*Action item:* Exclude the pictures. Transcribe exactly, and only, the lines from the one holding "Villa Villa in" to the end of the material below.

*The data:*
------------------------------
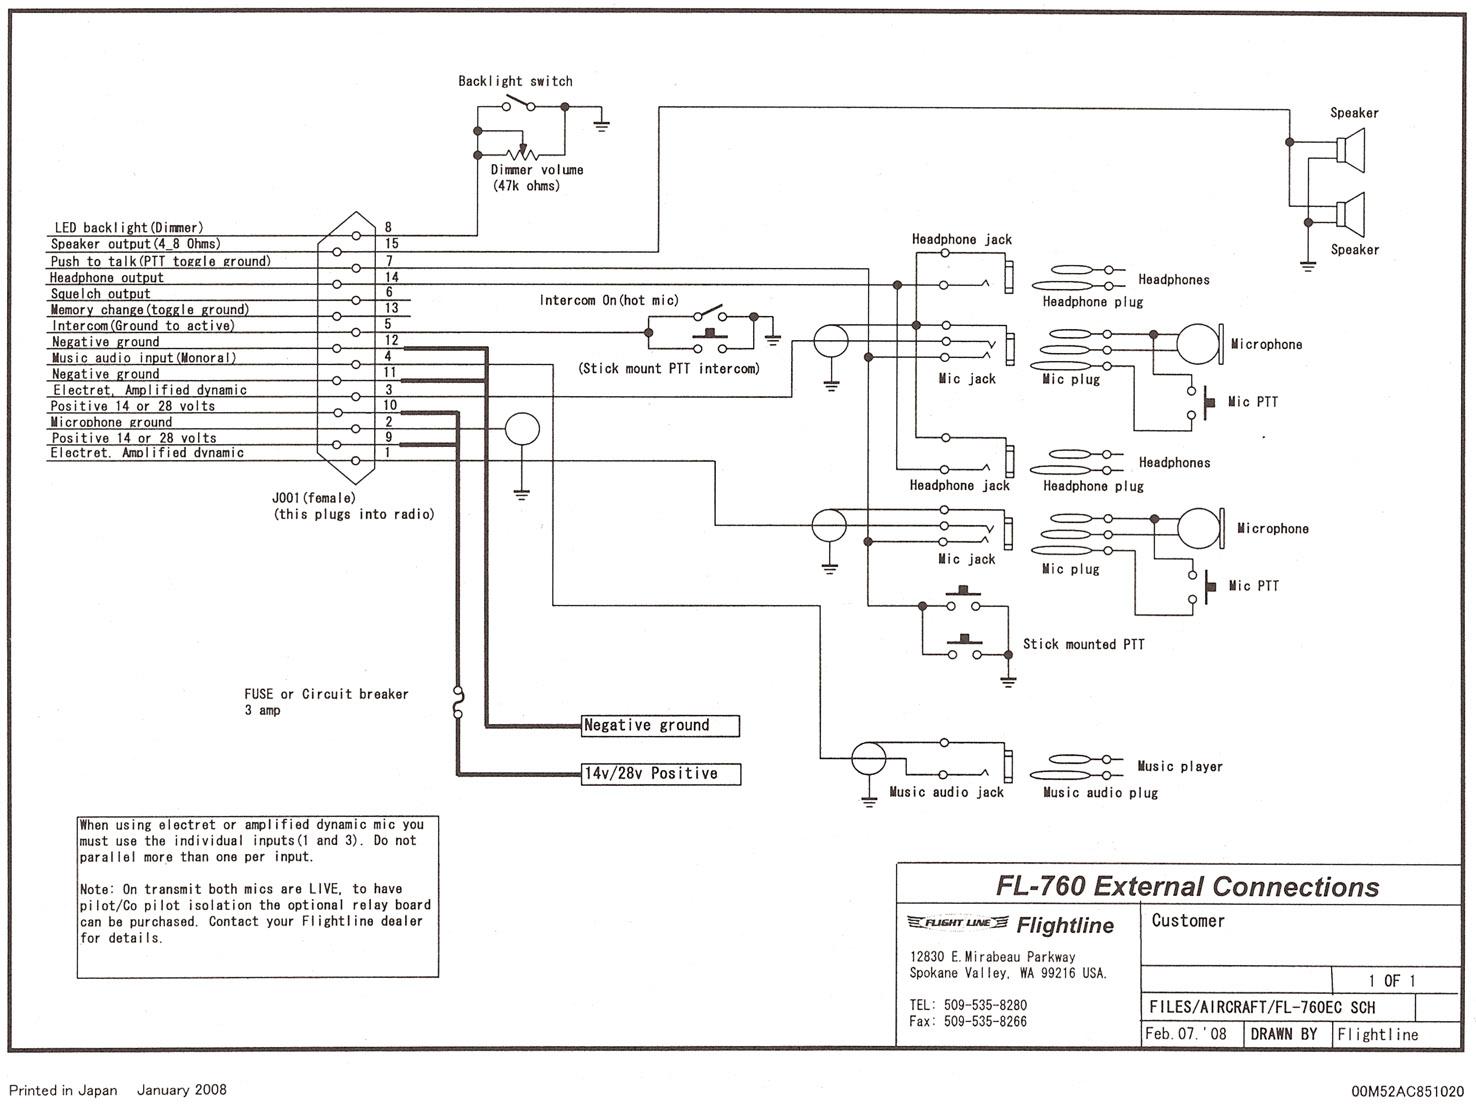 fl_760_wiring_diagram_179?resize\=665%2C499 jasco j12m20sp wiring diagram,j \u2022 indy500 co Basic Electrical Wiring Diagrams at reclaimingppi.co
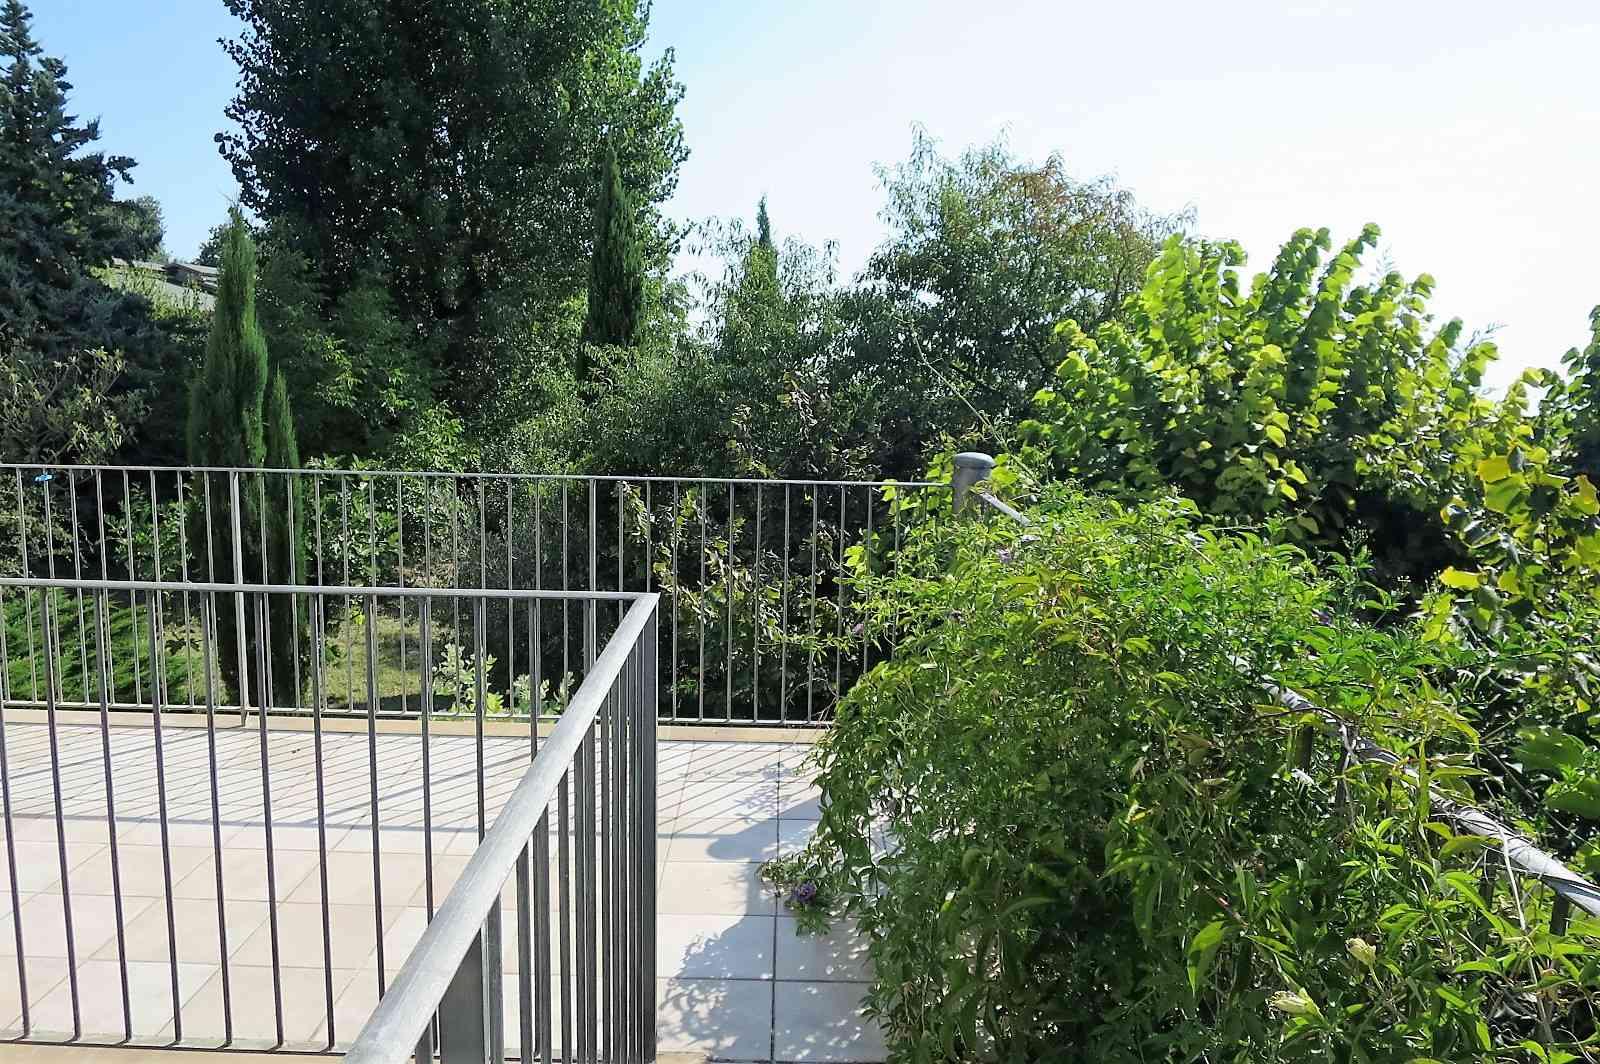 Villa Villa in vendita Atri (TE), Villa Paola - Atri - EUR 473.281 200
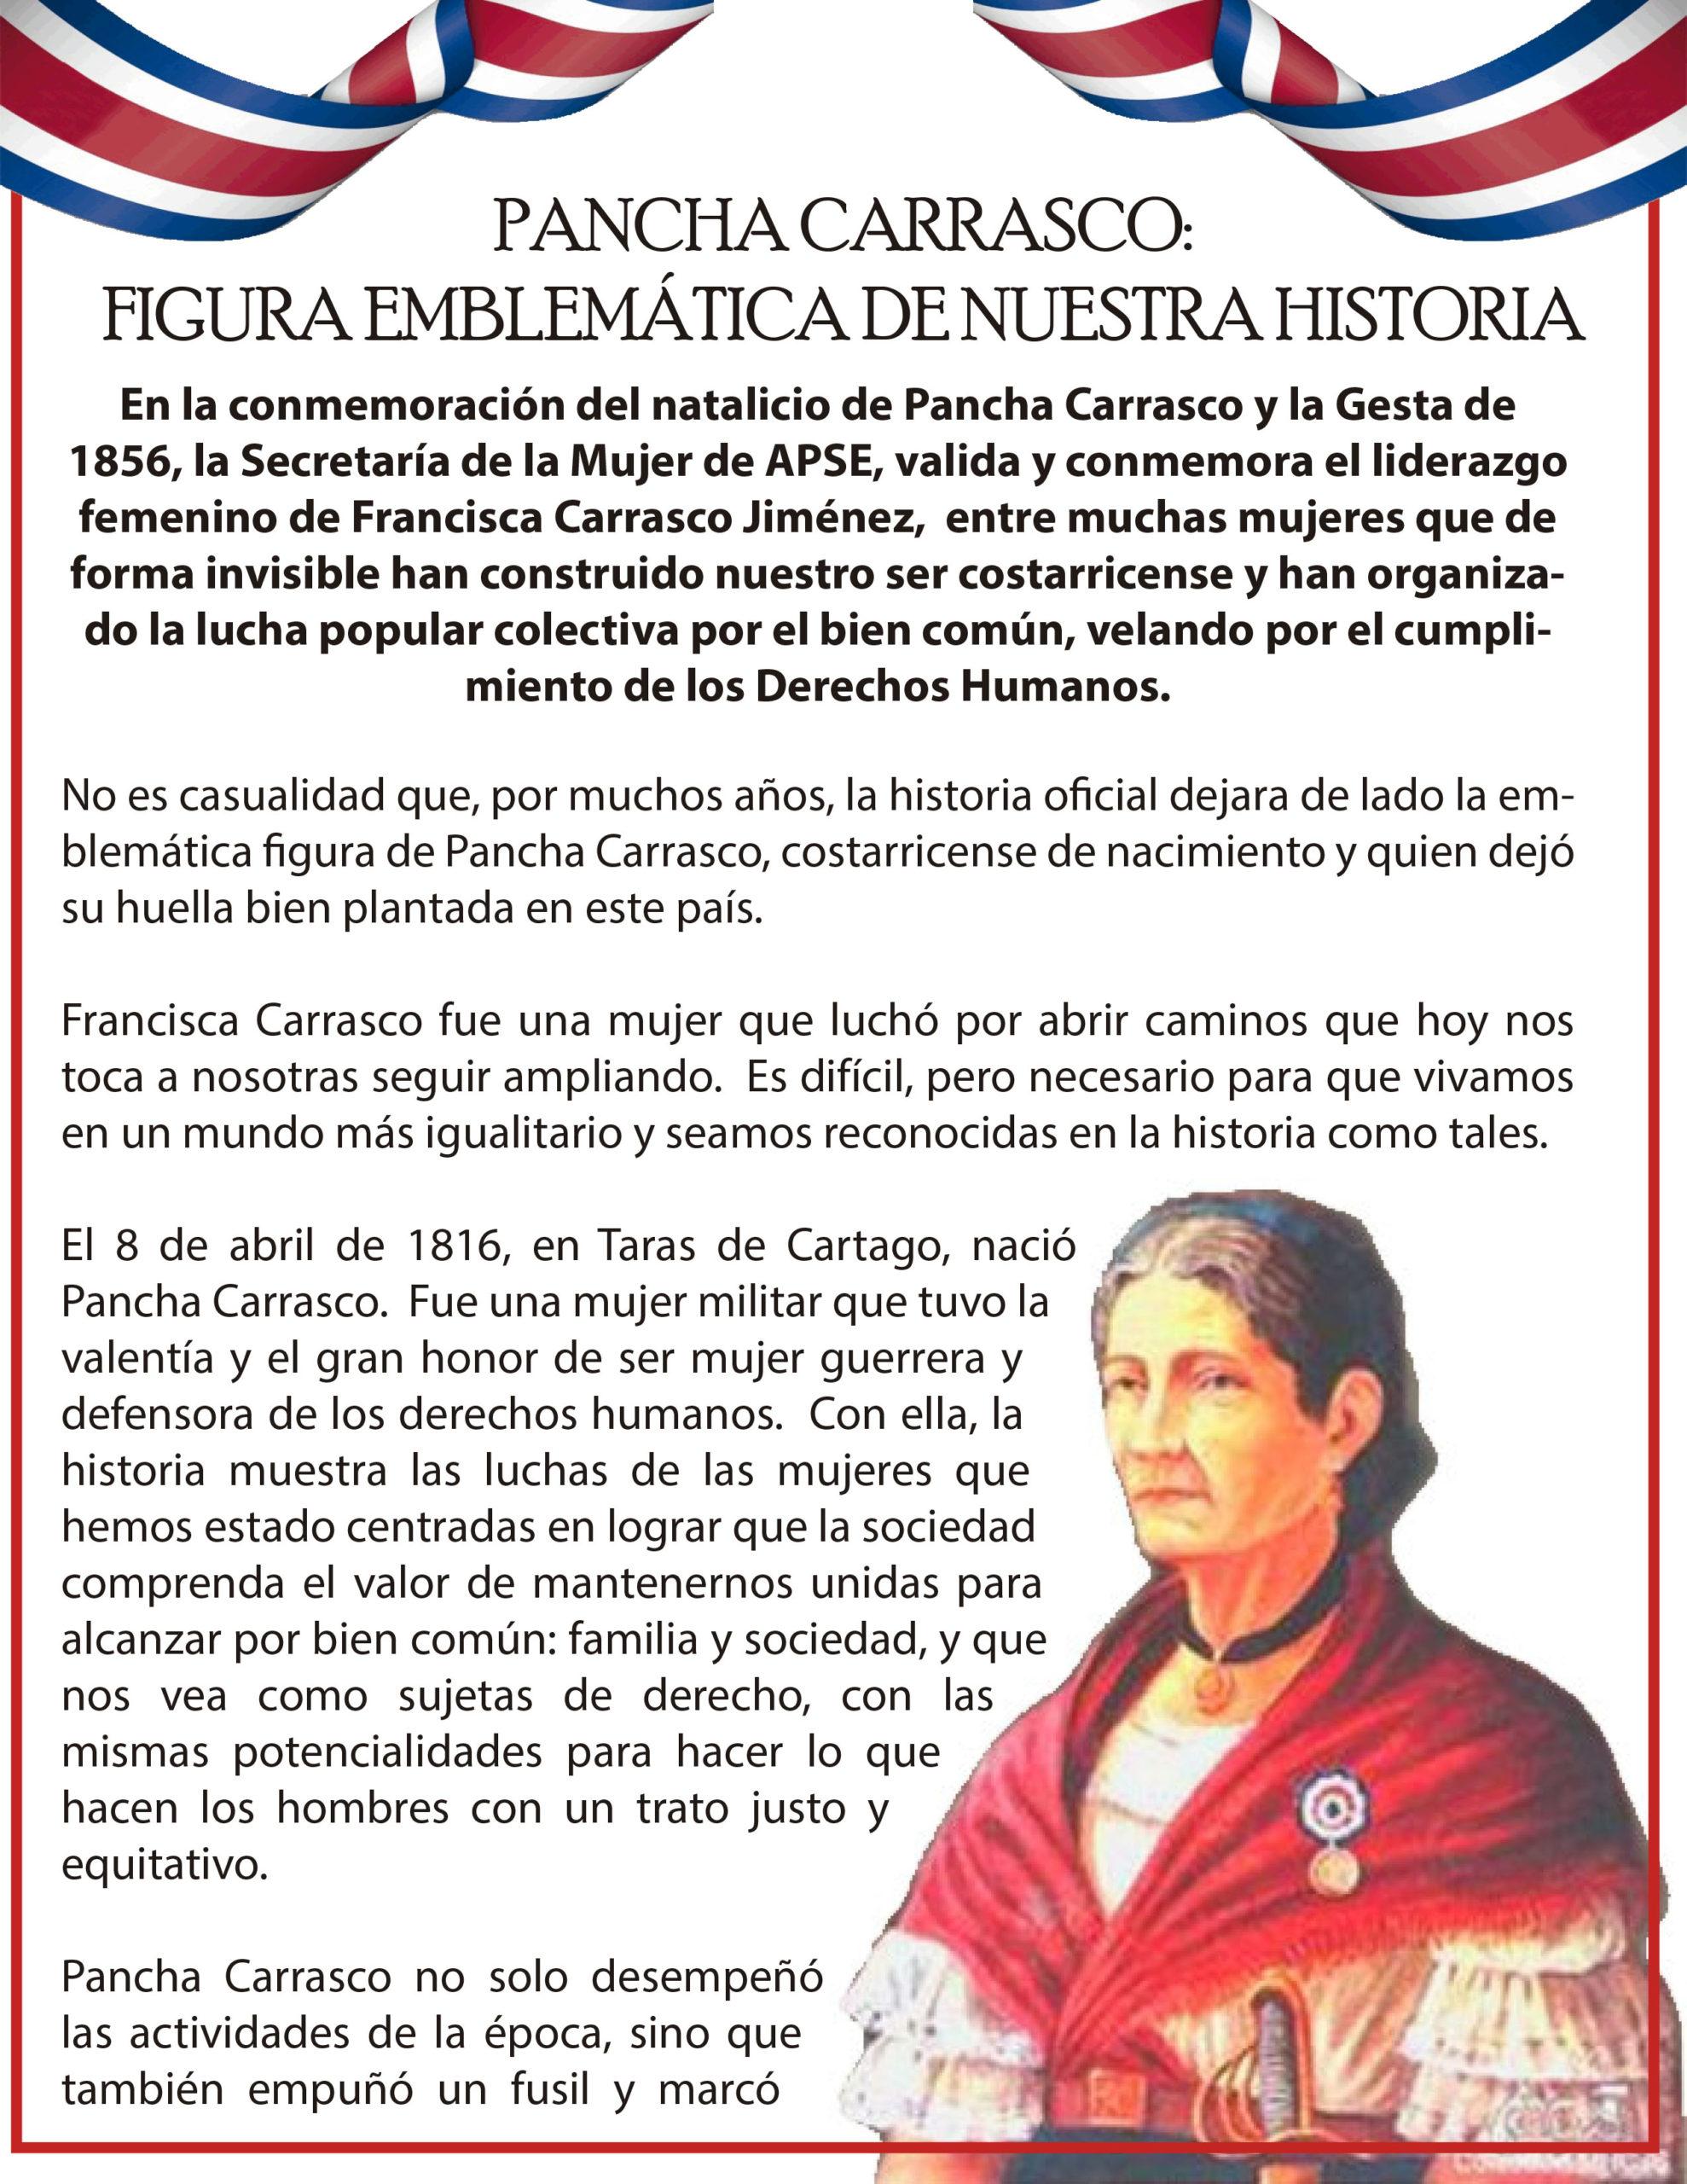 PANCHA CARRASCO: FIGURA EMBLEMÁTICA DE NUESTRA HISTORIA
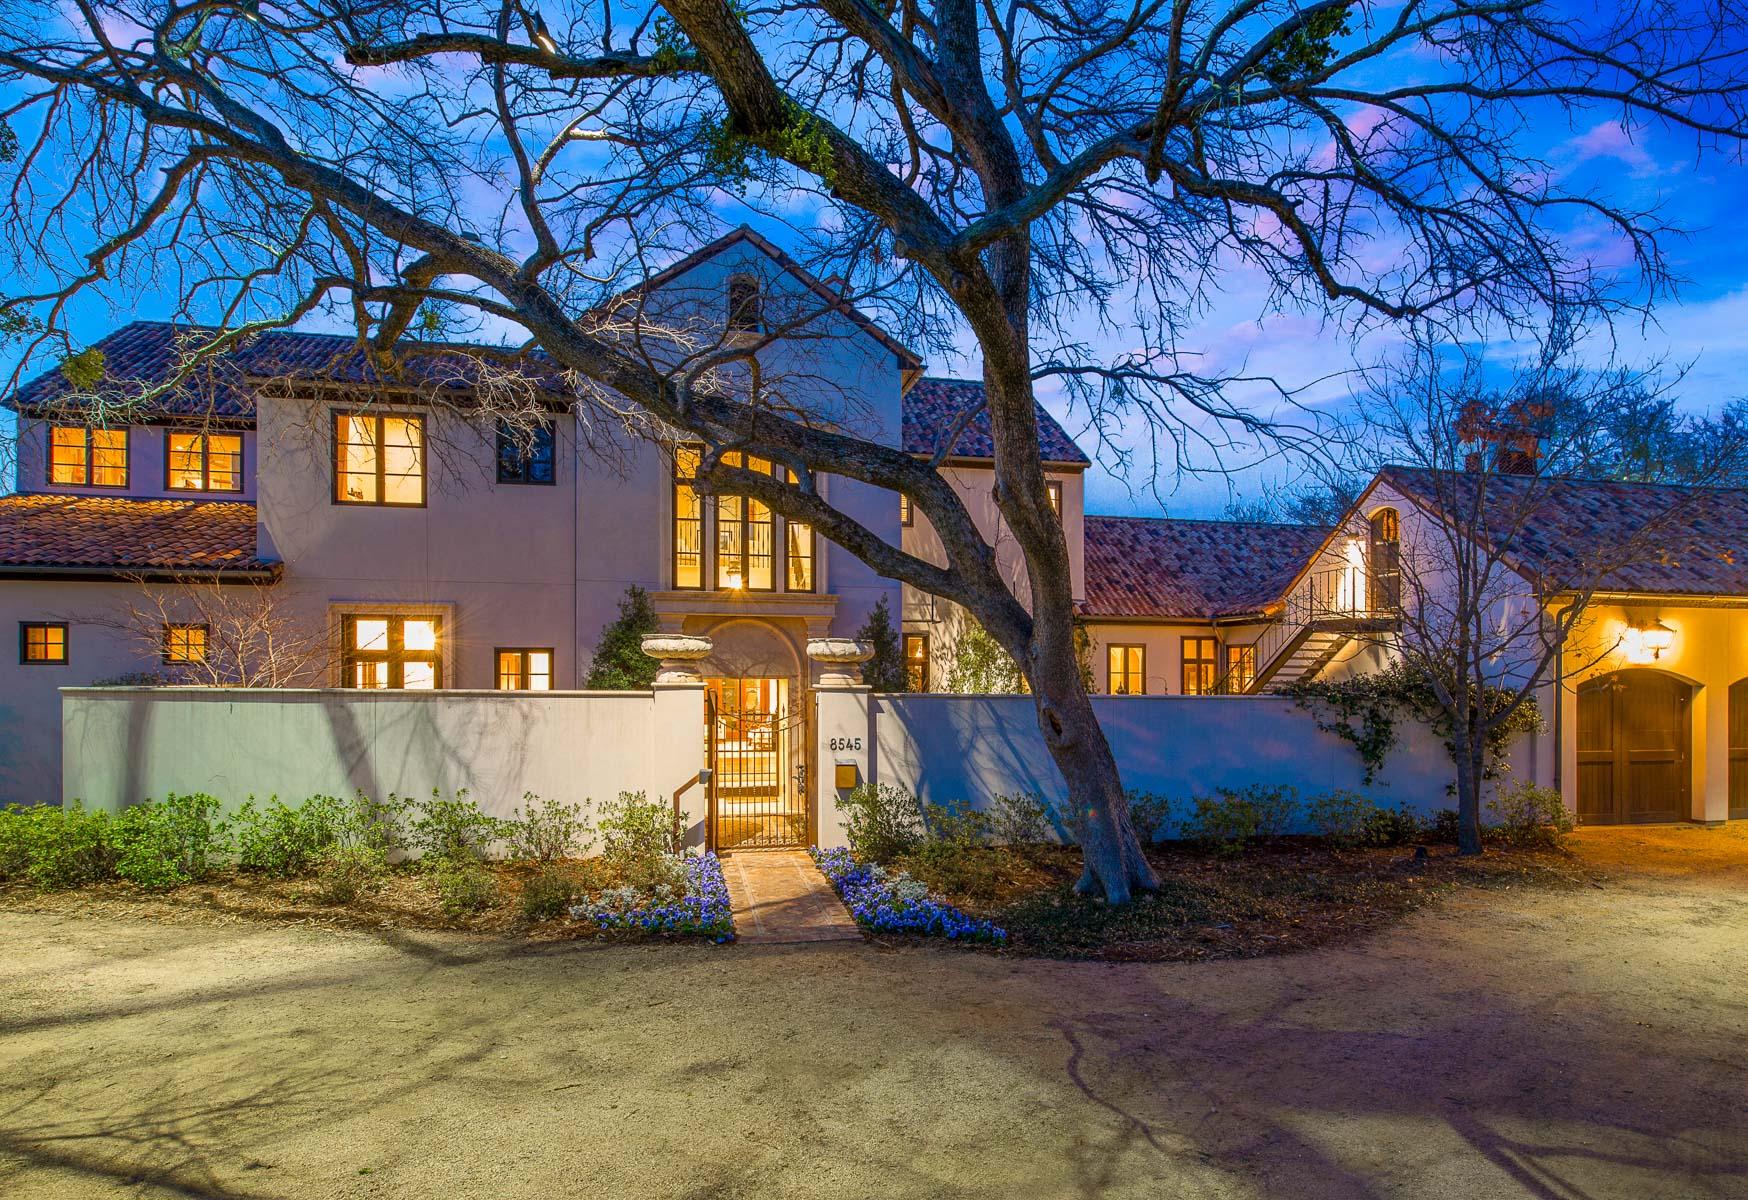 独户住宅 为 销售 在 Stunning Bluffview Estate 8545 Midway Road Dallas, 得克萨斯州 75209 美国
------------------------------
*Solution:*
 Villa Villa in vendita Atri (TE), Villa Paola - Atri - EUR 473.281 200
 PANCHA CARRASCO: FIGURA EMBLEMÁTICA DE NUESTRA HISTORIA
 独户住宅 为 销售 在 Stunning Bluffview Estate 8545 Midway Road Dallas, 得克萨斯州 75209 美国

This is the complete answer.